# 4640 air cond



## mrfred (Jul 5, 2011)

How do I know if a new air conditioning pump is no good. System has been down for about 4 years and old pump was froze up. Replaced the pump, received dryer, expansion valve and flushed the system with the John Deere flush. Cleaned the cond. and evaparator. Drew a vacuum for bout 20 minutes. Tried recharging the system and after the second can pressures were in the vacuum side on the low gauge and high side was up to 300. Had the pump not wired to start charging the system then unhooked jumper wire and plugged in the fuse and tried another can and it melted the fuse and compressor got super hot to touch. Dealer said the pump had oil in it so I never checked. Could expansion valve cause this if the lines are still dirty and plugging it. Is there a inline filter available to install before the expansion valve if this is the case. Could the new compressor be bad and how would it act. Thanks to anyone who could help


----------



## Fedup (Feb 25, 2014)

Inline filter? That's what the drier is. That's why it's located ahead of the expansion valve. Could there still be contaminants in lines and fittings? Absolutely! A system empty for four years could have all sorts of such issues, from dry deteriorating hoses to aluminum oxidation on the inside of lines and fittings. Just how did you go about flushing the system prior to assembly? I use a pressure tank myself, and flush each line and component(except the compressor and the drier). In a case like yours I would do each twice, once in each direction, letting the air run for a while after to dry it out. What did you notice, if anything, when you looked at the inside of lines and fittings after the flush? Any brown or dark stain or residue?


----------



## Tx Jim (Jul 28, 2020)

I agree with Fedup that AC system will probably require more thorough flushing. IMHO evacuating an air conditioning system for 20 minutes that been out of service for 4 yrs is not near long enough evacuating time.


----------



## mrfred (Jul 5, 2011)

Think I will replace all the lines if there still available and flush the condenser and evaparator. Was hoping I wouldn't have to but I don't think I have a choice


----------



## Fedup (Feb 25, 2014)

You mentioned earlier that you had "flushed the system". So what did that entail? I'm guessing you missed something in the process.


----------



## Tx Jim (Jul 28, 2020)

Fedup said:


> You mentioned earlier that you had "flushed the system". So what did that entail? I'm guessing you missed something in the process.

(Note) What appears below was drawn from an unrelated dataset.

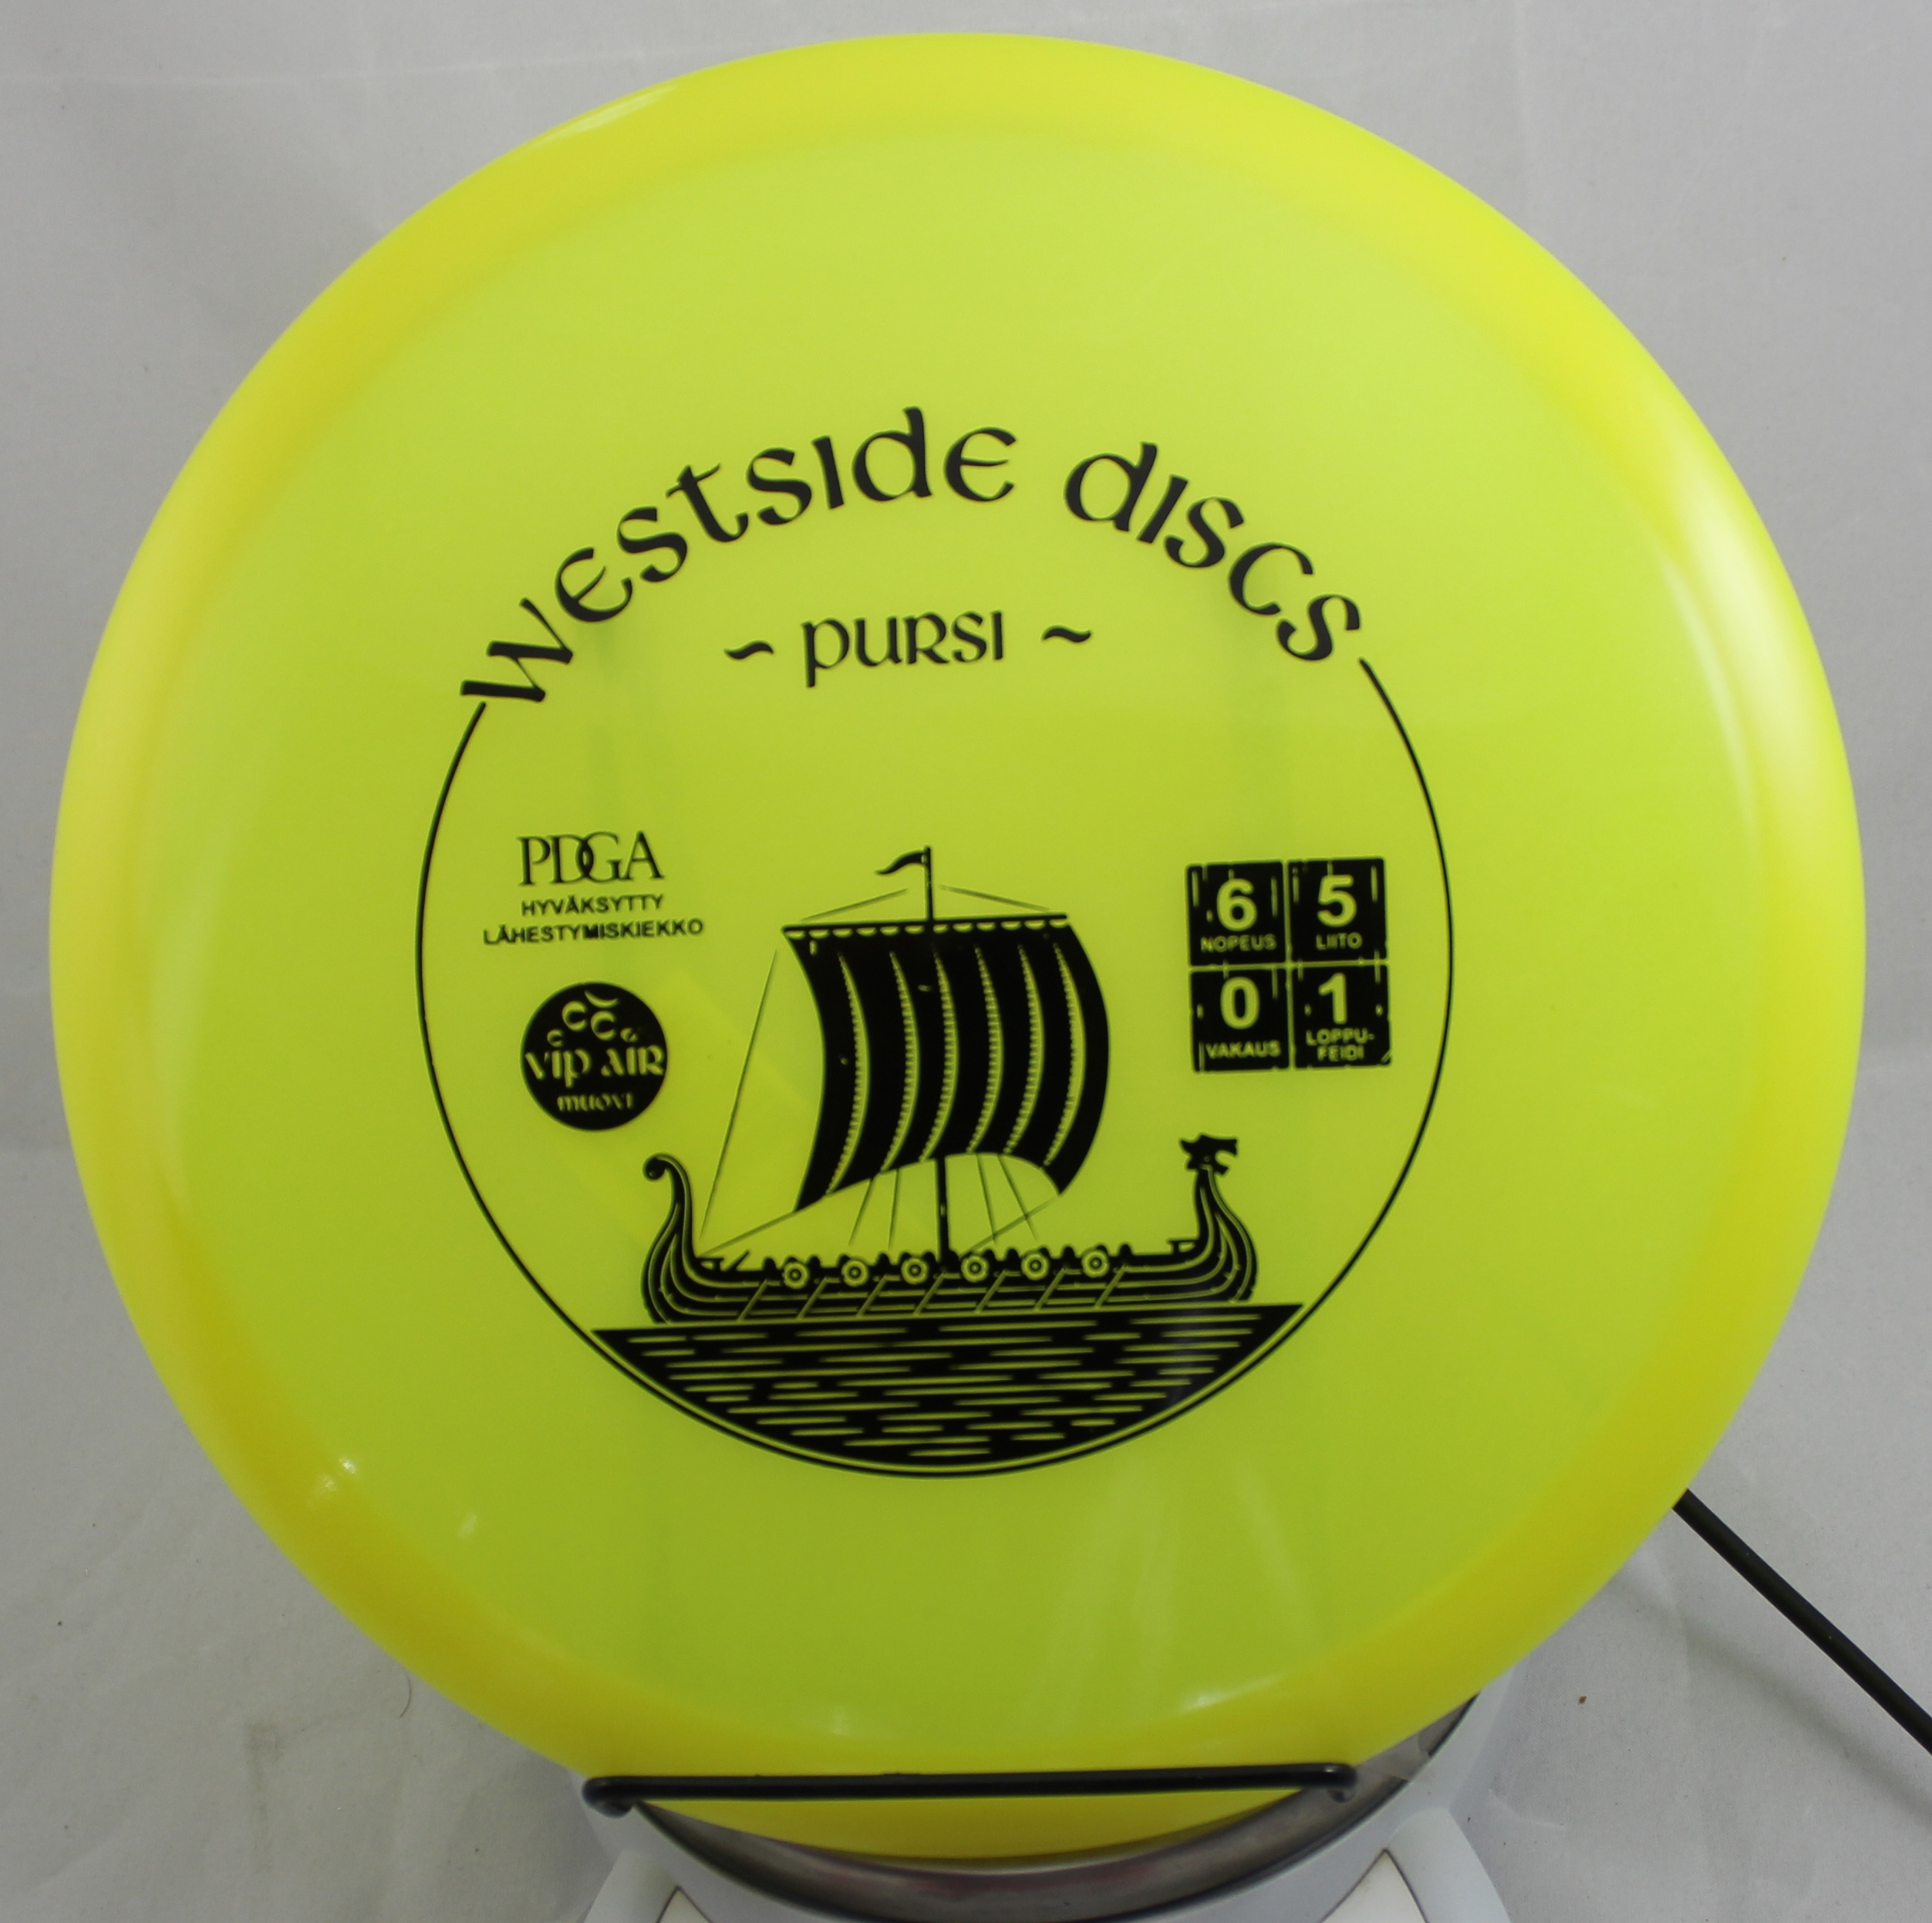 Westside Discs Warship disc golf

I'm also interested is method utilized for flushing. Did you utilize the flush tool designed for flushing AC systems? What type compressor does your tractor have(Delco or Denso)?


----------



## mrfred (Jul 5, 2011)

Replaced all A.C. Lines and hoses, expansion valve and receiver dryer again and system is working excellent now


----------



## Tx Jim (Jul 28, 2020)

Congratulations on your repair & thanks for the update.


----------